Von Marx gibts ein im Osteuropakommunismus beliebtes Zitat: „Die Philosophen haben die Welt nur verschieden interpretiert, es kommt aber darauf an, sie zu verändern.“ (
PhiloMag) Das deutet so ein bisschen auf das Problem hin, aber auch auf das, was ich dir hier die ganze Zeit versuche zu erklären: Philosoph:innen werden dir wahrscheinlich die Entscheidung selten abnehmen, was du für gut zu tun halten sollst, sondern dich nur größtmöglich "verwirren", damit du, wenn du eine Entscheidung triffst, zumindest von den größten Dummheiten abgehalten wirst. Und nicht unwahrscheinlich werden Philosoph:inen versuchen, deine eigenen Werte in ihre Argumente als Prämissen mit einzubauen, weil das das ist, was es wahrscheinlich macht, dass du nicht wie -Daniel- einfach auf Durchzug stellst.

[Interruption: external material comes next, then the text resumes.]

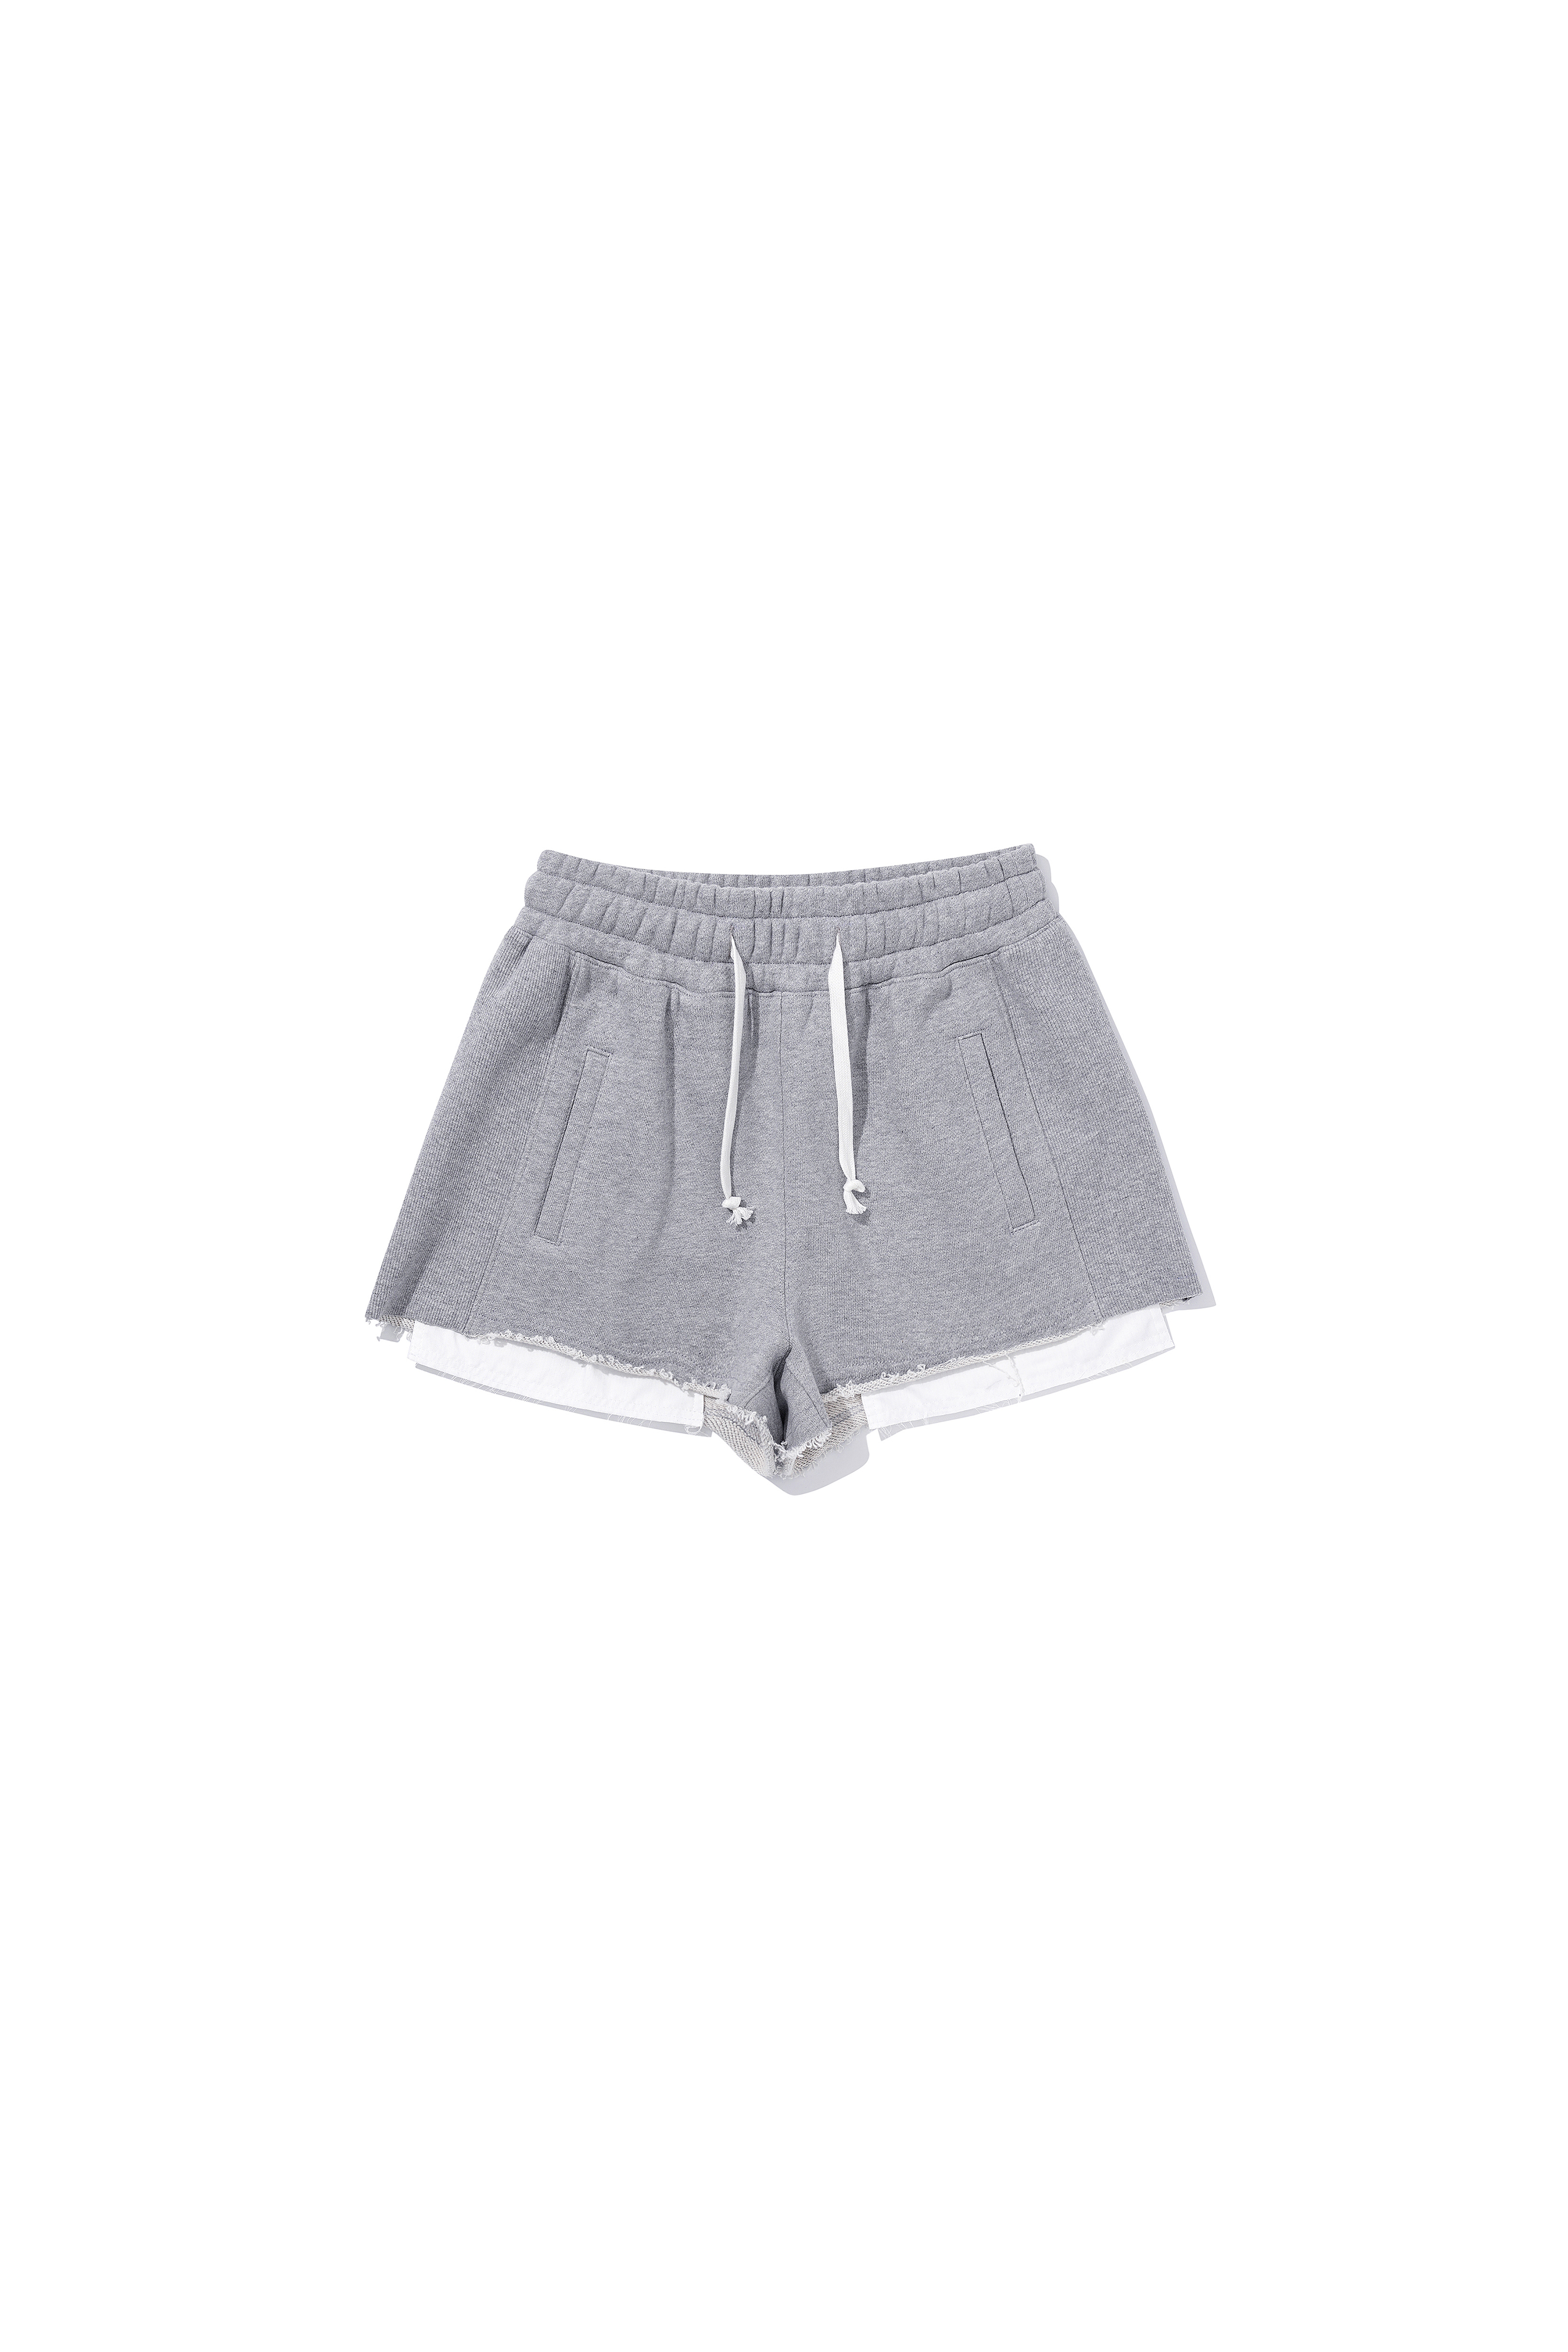 DAY-OFF 006 Cotton Shorts M.Grey

Man guckt erstmal, welche Werte du hast und welche von diesen du auf keinen Fall aufgeben wirst und dann guckt man sich an, wie widersprüchlich dein Werk zu deinem Wertekanon ist. Eventuell schaut man sich an, ob du deinen Wertekanon modifizieren möchtest, nachdem du auf Widersprüche hingedeutet wirst. Diese Investigation ist üblich für Angewandte Ethik und, auch wenns manche nicht glauben wollen, auch das ist in der schieren Menge von Tätigkeiten enthalten, die wir heute Philosophie nennen. Ist jede:r Philosph:in Experte dafür? Provokante Gegenfrage: Sind alle Physiker:innen Experten für CPU-Design?